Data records
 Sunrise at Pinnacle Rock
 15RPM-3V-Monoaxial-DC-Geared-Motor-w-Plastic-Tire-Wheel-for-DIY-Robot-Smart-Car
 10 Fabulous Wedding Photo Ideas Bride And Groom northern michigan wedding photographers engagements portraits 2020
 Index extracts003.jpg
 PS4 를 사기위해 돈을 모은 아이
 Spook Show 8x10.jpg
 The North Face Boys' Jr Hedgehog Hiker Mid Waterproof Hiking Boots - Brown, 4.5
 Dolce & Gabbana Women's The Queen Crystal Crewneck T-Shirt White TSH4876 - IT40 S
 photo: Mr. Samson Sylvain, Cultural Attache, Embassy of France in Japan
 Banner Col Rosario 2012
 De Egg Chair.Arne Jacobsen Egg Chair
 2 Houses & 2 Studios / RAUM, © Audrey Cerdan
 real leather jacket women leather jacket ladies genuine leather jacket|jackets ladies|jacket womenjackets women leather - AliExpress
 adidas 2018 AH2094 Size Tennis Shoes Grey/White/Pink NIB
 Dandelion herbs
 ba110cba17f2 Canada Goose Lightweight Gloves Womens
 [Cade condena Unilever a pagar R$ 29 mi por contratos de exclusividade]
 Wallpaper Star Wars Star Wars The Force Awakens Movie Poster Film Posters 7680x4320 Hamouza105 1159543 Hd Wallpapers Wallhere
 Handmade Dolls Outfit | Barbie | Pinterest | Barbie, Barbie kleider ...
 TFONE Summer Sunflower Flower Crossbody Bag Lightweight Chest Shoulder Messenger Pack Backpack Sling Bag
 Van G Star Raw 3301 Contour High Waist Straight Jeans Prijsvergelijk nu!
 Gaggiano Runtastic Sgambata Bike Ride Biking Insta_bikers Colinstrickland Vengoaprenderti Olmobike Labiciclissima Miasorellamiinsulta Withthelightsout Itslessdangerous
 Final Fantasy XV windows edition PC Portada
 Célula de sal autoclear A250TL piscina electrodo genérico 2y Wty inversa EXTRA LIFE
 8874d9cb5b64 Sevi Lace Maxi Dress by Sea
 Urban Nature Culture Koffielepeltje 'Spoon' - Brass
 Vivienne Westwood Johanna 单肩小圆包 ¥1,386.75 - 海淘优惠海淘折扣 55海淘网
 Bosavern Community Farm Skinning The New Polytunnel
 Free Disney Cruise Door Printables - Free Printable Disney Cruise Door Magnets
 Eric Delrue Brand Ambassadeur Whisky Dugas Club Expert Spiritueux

__Work item__
From the records above, extract exactly and only the lines that begin at the line with "TFONE Summer Sunflower" and stop after the line with "Final Fantasy XV windows edition PC Portada".

__Expected output__
 TFONE Summer Sunflower Flower Crossbody Bag Lightweight Chest Shoulder Messenger Pack Backpack Sling Bag
 Van G Star Raw 3301 Contour High Waist Straight Jeans Prijsvergelijk nu!
 Gaggiano Runtastic Sgambata Bike Ride Biking Insta_bikers Colinstrickland Vengoaprenderti Olmobike Labiciclissima Miasorellamiinsulta Withthelightsout Itslessdangerous
 Final Fantasy XV windows edition PC Portada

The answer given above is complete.